See here for some more information on boolean behavior with open surfaces:
http://moi3d.com/forum/index.php?webtag=MOI&msg=5195.14

If you want to use the booleans you usually need your base object to be a solid, and then they will work like you were expecting.

So your initial steps for creating this object would go like this - start with your base solid like so:



Then go to the 2D front view and draw in your curve cutting shape like this:



This looks like this in the 3D view now - it does not matter at what depth level the ellipse happens to be at:



Now, you do NOT need to do any more preparation work - if you're doing stuff like projecting curves on to surfaces and doing trims, that's all a bunch of extra work that you can just skip, instead let the booleans do all that work for you!

To get the final result, just select your solid here, and run Construct > Boolean > Diff, select the 2D ellipse curve as the cutting object and you will then get this result right away:



Check out the attached 3DM file for these objects - it's all set to boolean just run boolean difference and use the ellipse as the cutting object and you're done!

By the way these methods of doing booleans to cut solids with 2D curves is covered in the introductory video tutorials, if you have not watched them before it's probably a good idea to go over those, they will help get you going easier:
http://moi3d.com/2.0/docs/tutorials.htm

Basically if you just want to do simple "drill a hole with a 2D profile", and you have a solid as your base object, just draw in your 2D curve and then do a boolean operation and that handles a bunch of work for you - the booleans handle extruding the 2D shape into a "side wall" cutting object, trimming things and throwing away the right pieces, and then joining those pieces back into a solid so that's a lot of individual steps that you don't have to do when you use the booleans.
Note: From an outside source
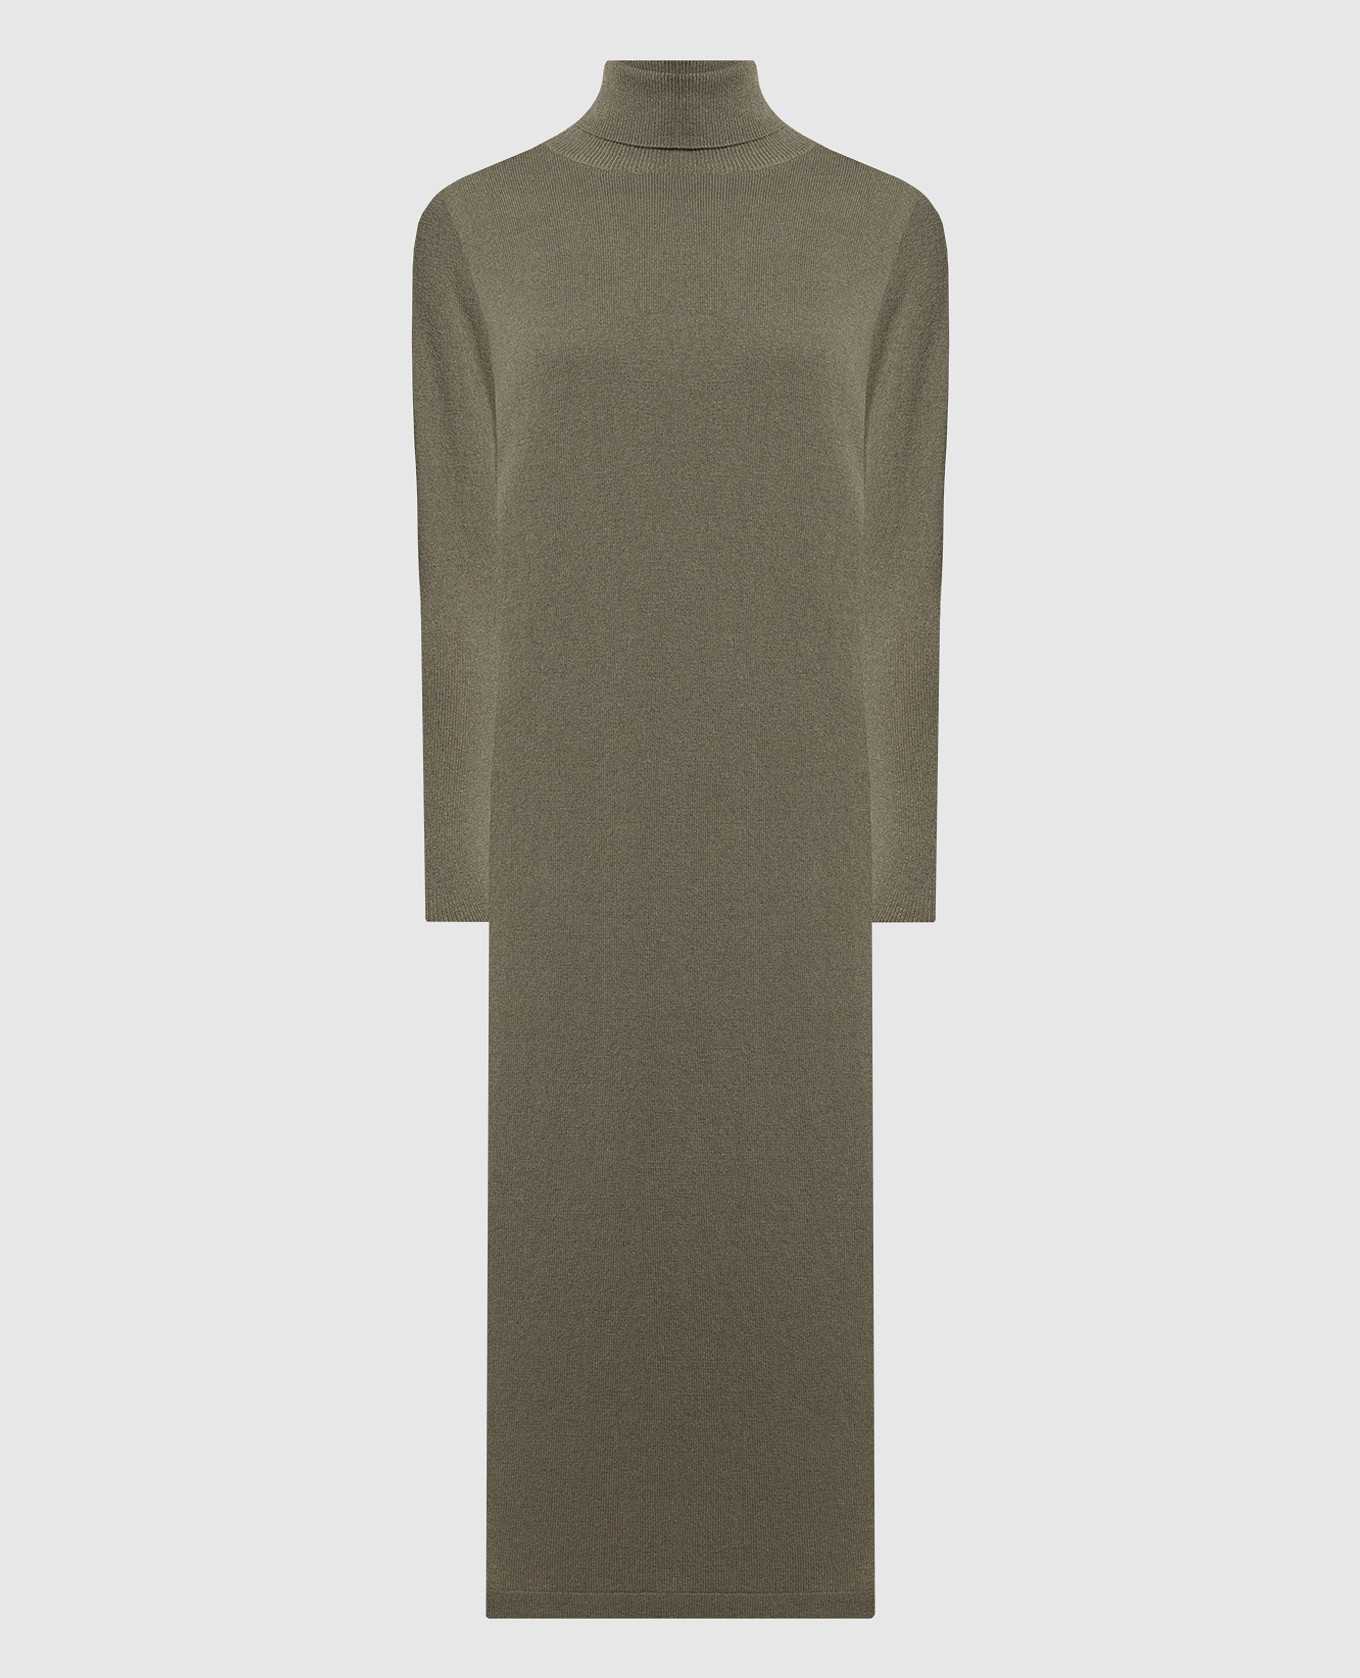 Green wool and cashmere dress

It looks like you were previously trying to do a bunch of those steps manually, maybe including even projecting the curve onto the solid before trimming with it? Even that projection step would be extra actually since Trim also has built in projection in it, you usually only need to do projection manually if you want to use the curves for some other purpose than cutting, like if you want to build some sweeps with them as rails or things like that. So there are probably a whole lot of extra steps that you were doing which are not necessary at all.